Note that the tab_model function also reports ths R2 Tjur, which is a so-called pseudo-R2 measure. Pseudo R2 measures are designed to be interpretable in the same way as regular R2 (i.e. a value between 0 and 1, where 0 means no fit and 1 means perfect fit). These are not computed by the glm function, but the sjPlot package has implementations for various popular pseudo R2 measures, and by default reports the R2 Tjur for logistic regression. Long story short, if you report these measures, beware that they are not real R2 values, that there are several alternatives, and that there is some debate on whether and which pseudo R2 measures are appropriate. Finally, to illustrate how fitting a glm is different from using a regular lm, we can plot the regression line for the Sepal.Width. For this we can use the amazing and extremely versatile plot_model function from the sjPlot package. Here we plot the prediction of the model for different values of Sepal.Width.

plot_model(m2, type = 'pred', terms = 'Sepal.Width')

The curved prediction line shows that the probability approaches 100% the smaller the Sepal.Width gets, and approaches 0 the larger the Sepal.Width gets.

You can also produce this plot for all independent variables in a grid.

p = plot_model(m2, type = 'pred')     ## creates a list of plots
plot_grid(p)

Multilevel models, or Mixed-Effects models

Multilevel models are, simply put, linear models that can account for multiple levels in the data. Here we briefly explain what what multilevel analysis in and how to apply it in R with the lme4 package.

The examples in the lme4 packages use the sleepstudy data, which measures reaction time of participants after sleep deprivation. The data contains three variables: Reaction, Days and Subject. Subjects were limited to 3 hours of sleep each night, so the question is whether their reaction time slows after more days of limited sleep.

head(sleepstudy)
##   Reaction Days Subject
## 1 249.5600    0     308
## 2 258.7047    1     308
## 3 250.8006    2     308
## 4 321.4398    3     308
## 5 356.8519    4     308
## 6 414.6901    5     308

The sleepstudy data requires multilevel analysis, because the observations are nested in Subjects. Linear regression models assume that observations are independent, but that is not the case here. Different subjects might have different reaction speeds in general, and might also be more or less affected by sleep deprivation.

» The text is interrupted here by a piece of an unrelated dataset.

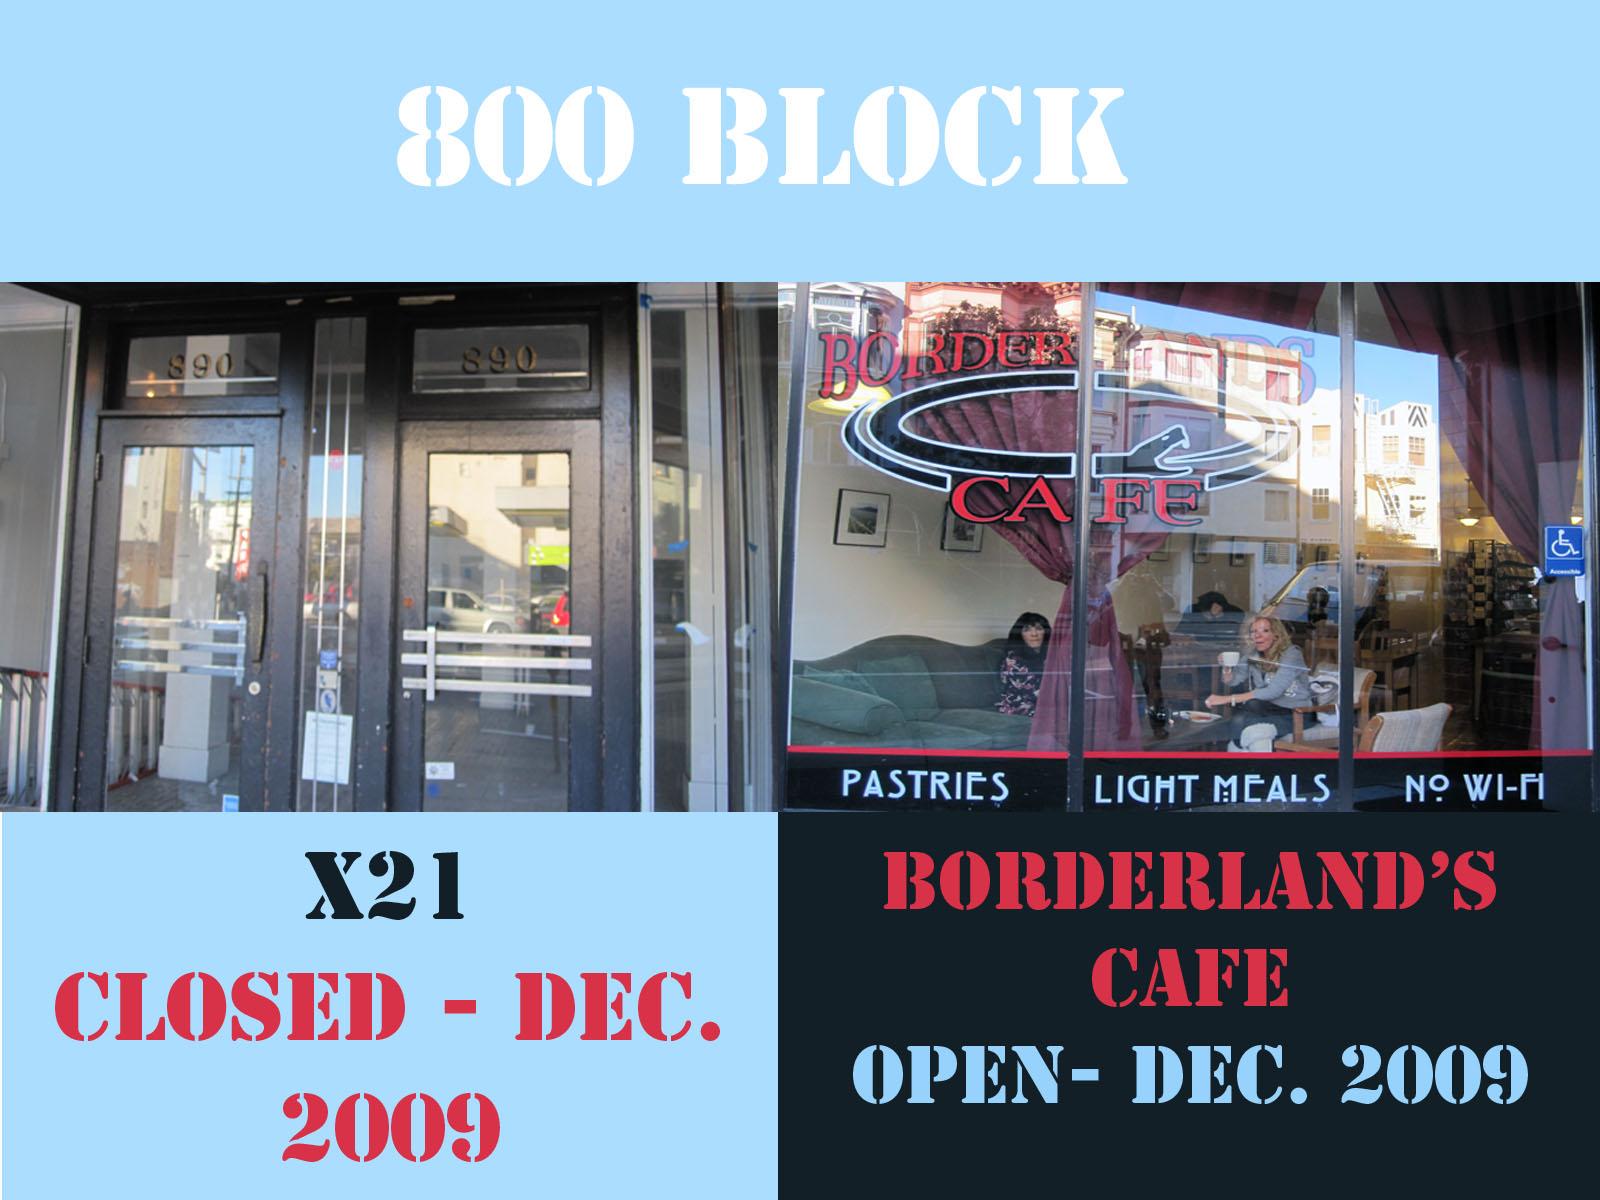 800 Block

To account for this, multilevel models can have random intercepts and random slopes. By using random intercepts, each Subject has its own intercept, which accounts for differences between subjects in overall reaction speed. Random slopes can be applied for each independent variable in the model, so that each Subject also has its own slope (i.e. coefficient) for this variable. This can be used simply to controll for implications of nested data (to not violate the independence assumption in linear regression). But moreover, it can be used to better investigate variance and effects at different levels. For instance, to what extent student learning success is explained by individual level factors (doing homework, participating in class) or class level factors (class size, experience of teacher).

Multilevel modeling in R: a visual explanation

We will not try to explain exactly what a multilevel model is and when and how you should use it (this would be a workshop in itself). The main goal here is to show how to perform multilevel modeling in R, and to visually illustrate what happens when you add higher level variables to a linear model. For this we’ll use toy data in which the random intercepts (and slopes) are extremely obvious. We’ll stick to the names of the sleepstudy data for sake of simplicity.

d = data.frame(Reaction = c(0,1,7,9,17,16,12,10,29,27,24,22,39,36,33,30,49,47,42,42),
               Days = c(1,2,3,4,1,2,3,4,1,2,3,4,1,2,3,4,1,2,3,4),
               Subject = c(1,1,1,1,2,2,2,2,3,3,3,3,4,4,4,4,5,5,5,5))

Here the Subjects have clearly different intercepts (average Reaction) and slopes (effect of Days on Reaction). We can show this with a scatterplot, in which different subjects are given different colors.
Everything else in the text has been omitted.